▶ PROVIDED DATA:
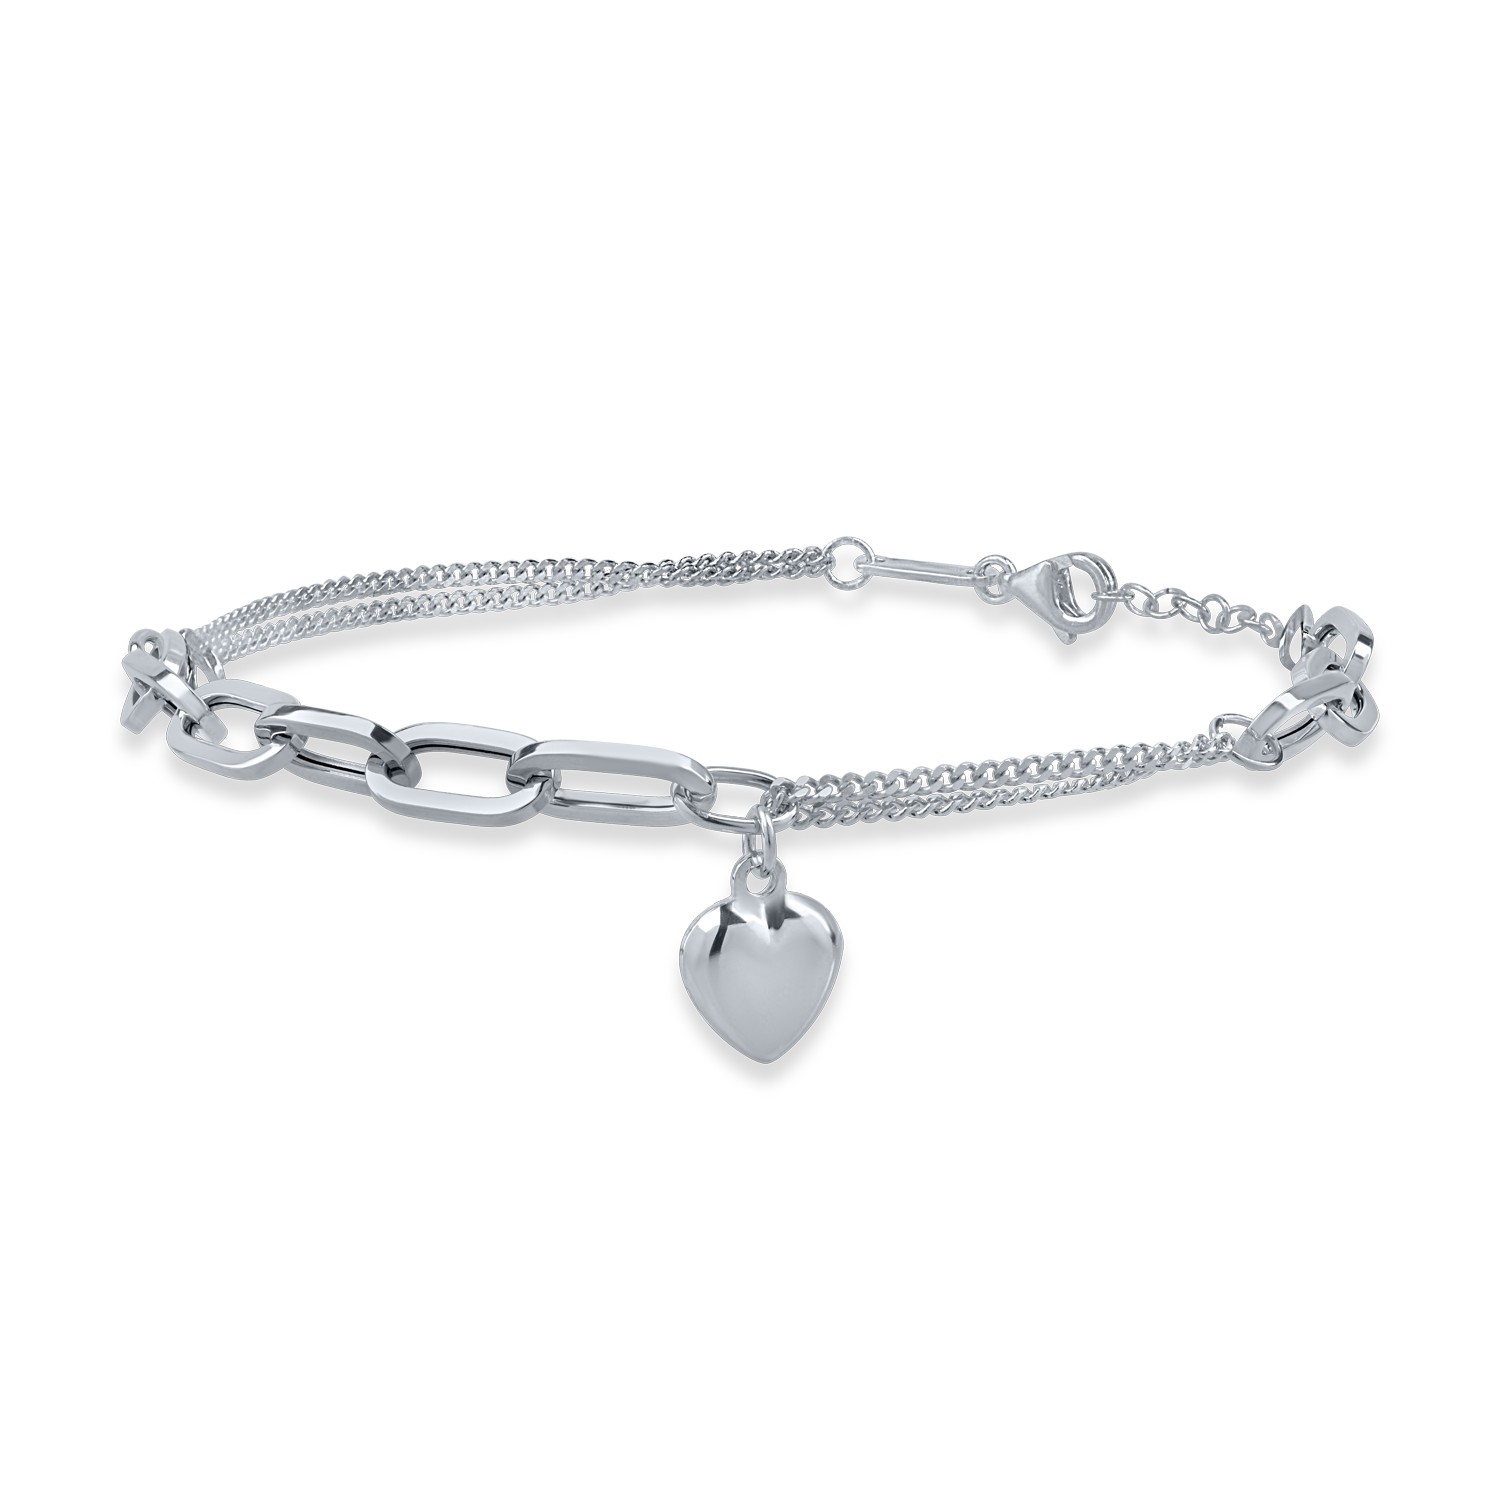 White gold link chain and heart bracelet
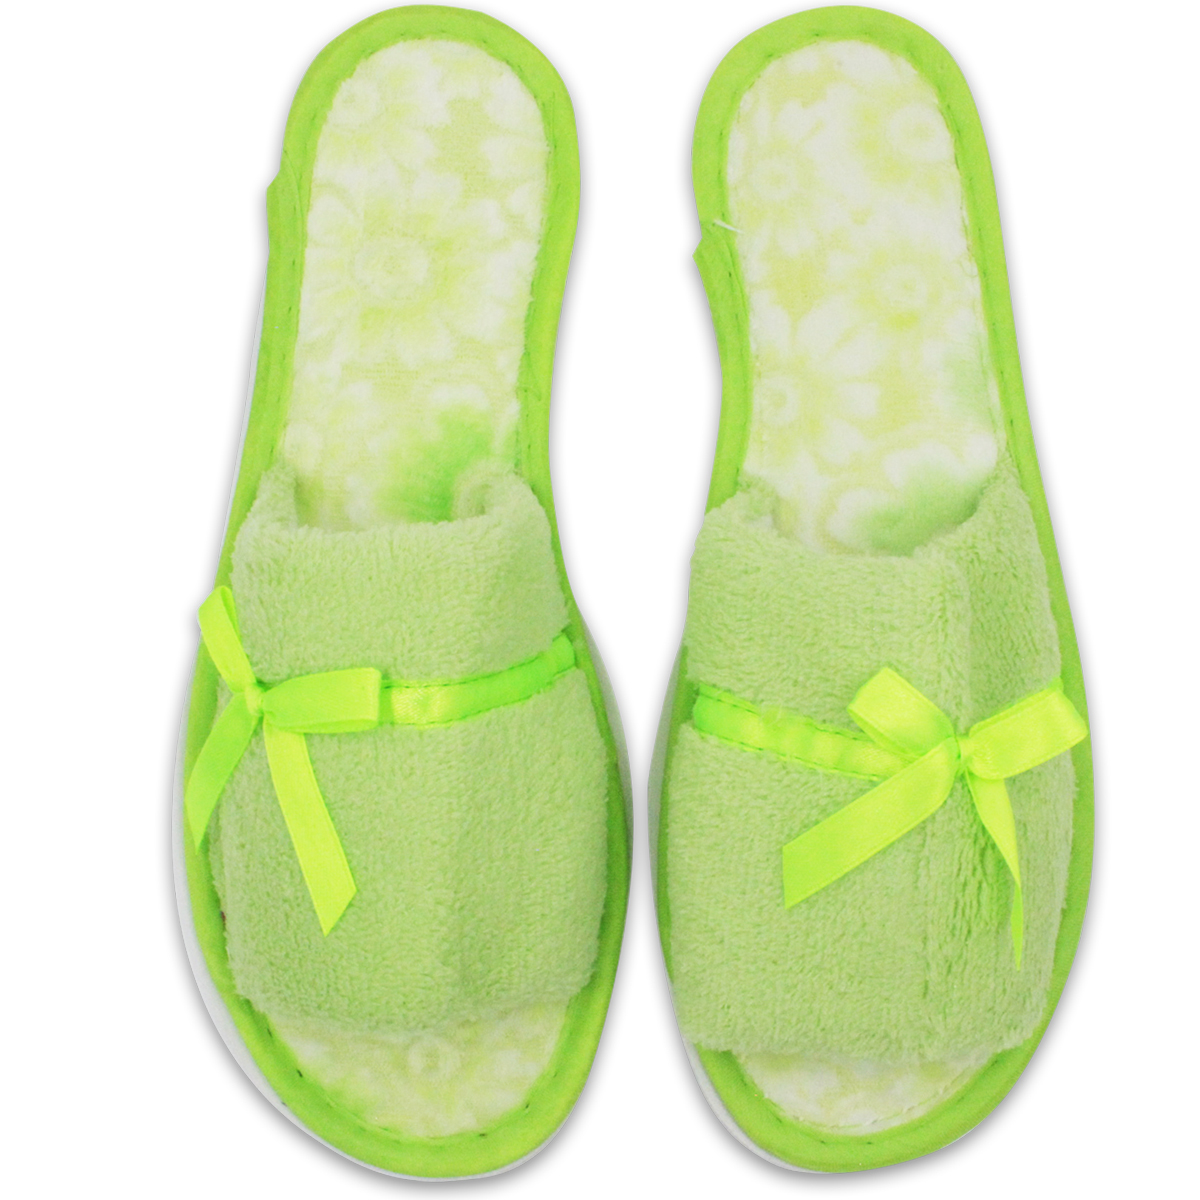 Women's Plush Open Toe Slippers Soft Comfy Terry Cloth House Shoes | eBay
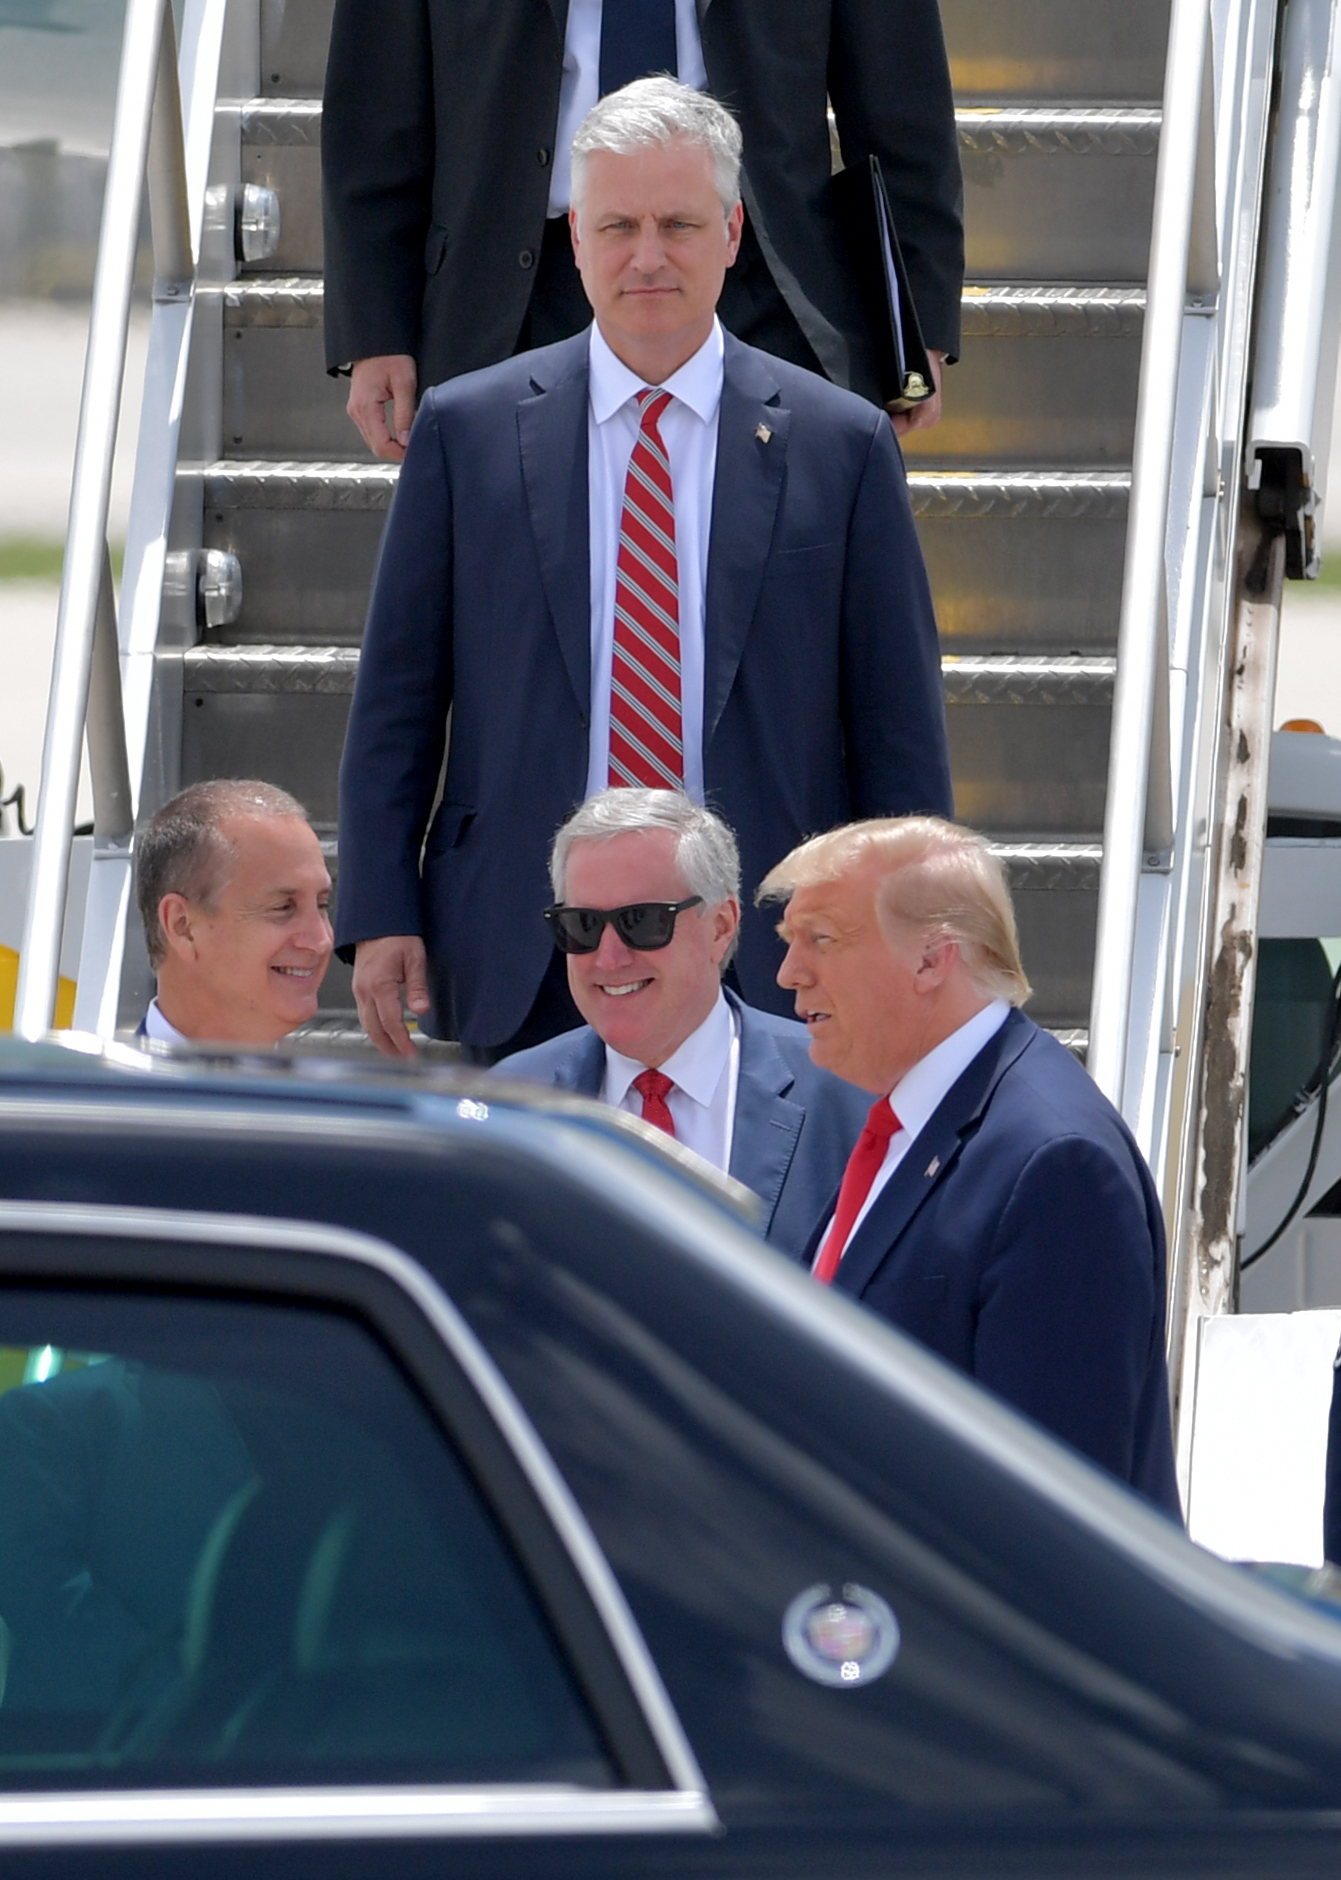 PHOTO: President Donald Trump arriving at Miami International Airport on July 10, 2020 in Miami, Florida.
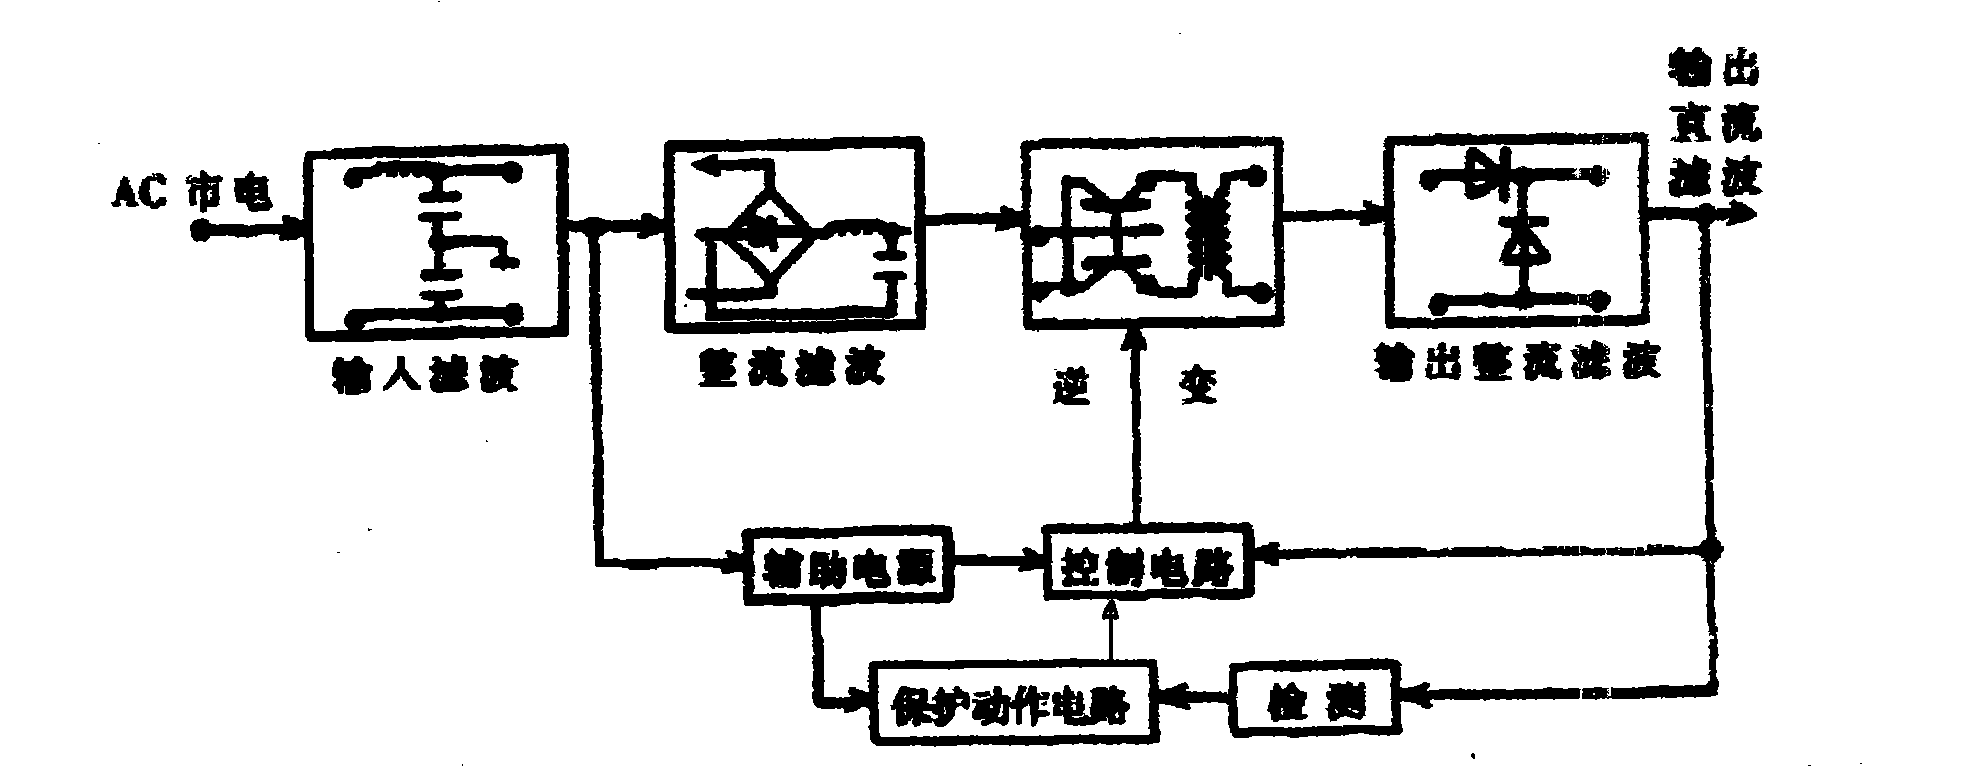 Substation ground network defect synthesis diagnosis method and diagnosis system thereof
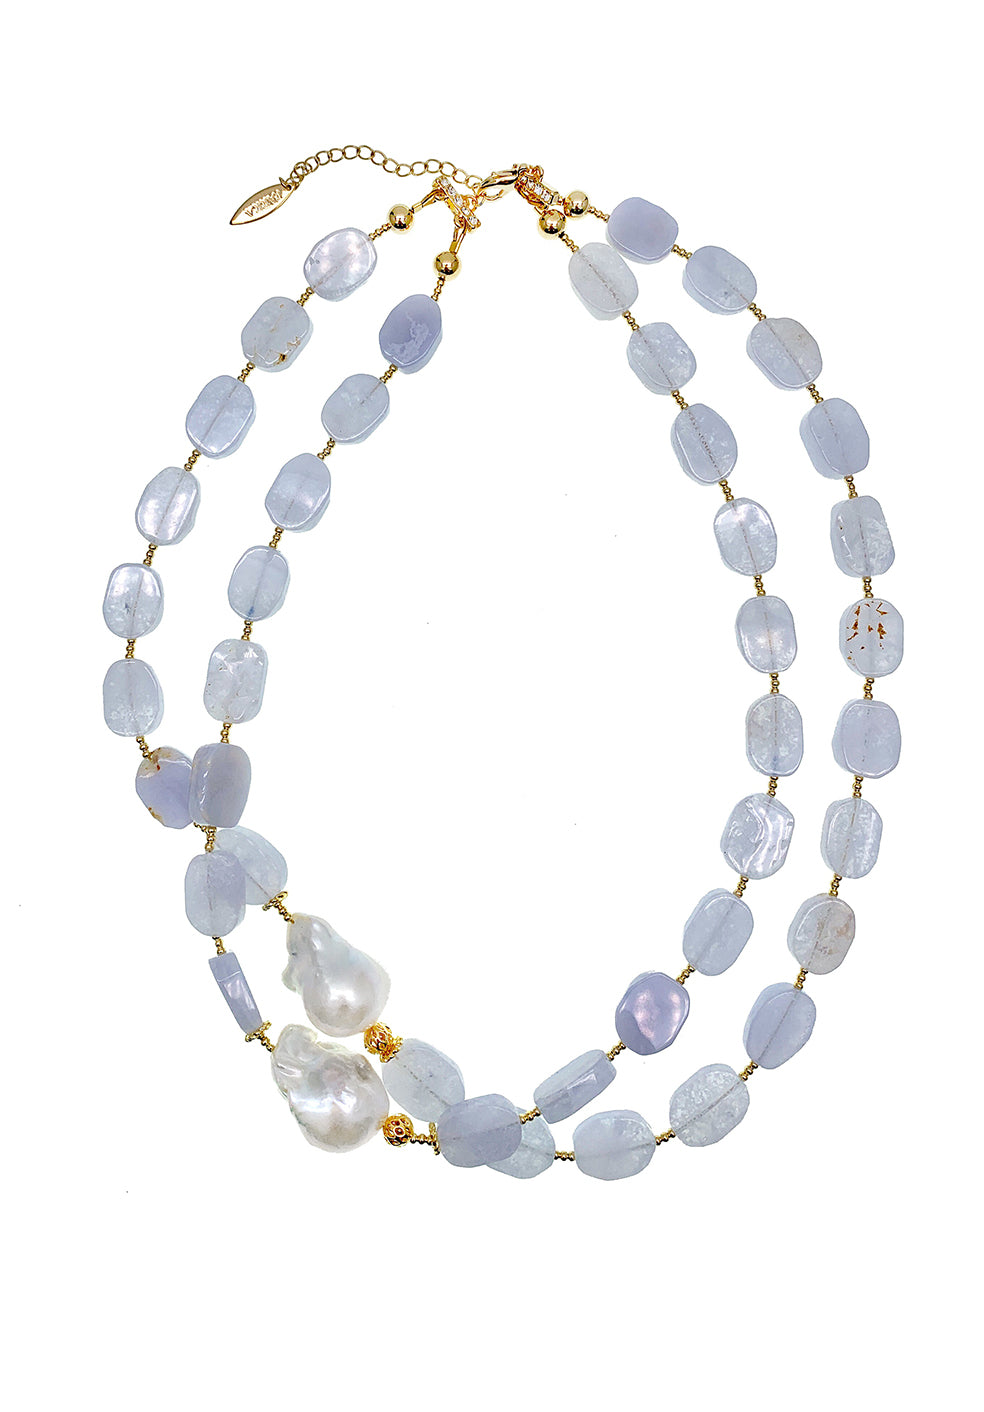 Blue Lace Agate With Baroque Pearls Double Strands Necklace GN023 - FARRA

▶ INSTRUCTIONS FOR THE TASK: In the material above, repeat each entry exactly and omit every picture.

▶ TASK OUTPUT:
 White gold link chain and heart bracelet
 Women's Plush Open Toe Slippers Soft Comfy Terry Cloth House Shoes | eBay
 PHOTO: President Donald Trump arriving at Miami International Airport on July 10, 2020 in Miami, Florida.
 Substation ground network defect synthesis diagnosis method and diagnosis system thereof
 Blue Lace Agate With Baroque Pearls Double Strands Necklace GN023 - FARRA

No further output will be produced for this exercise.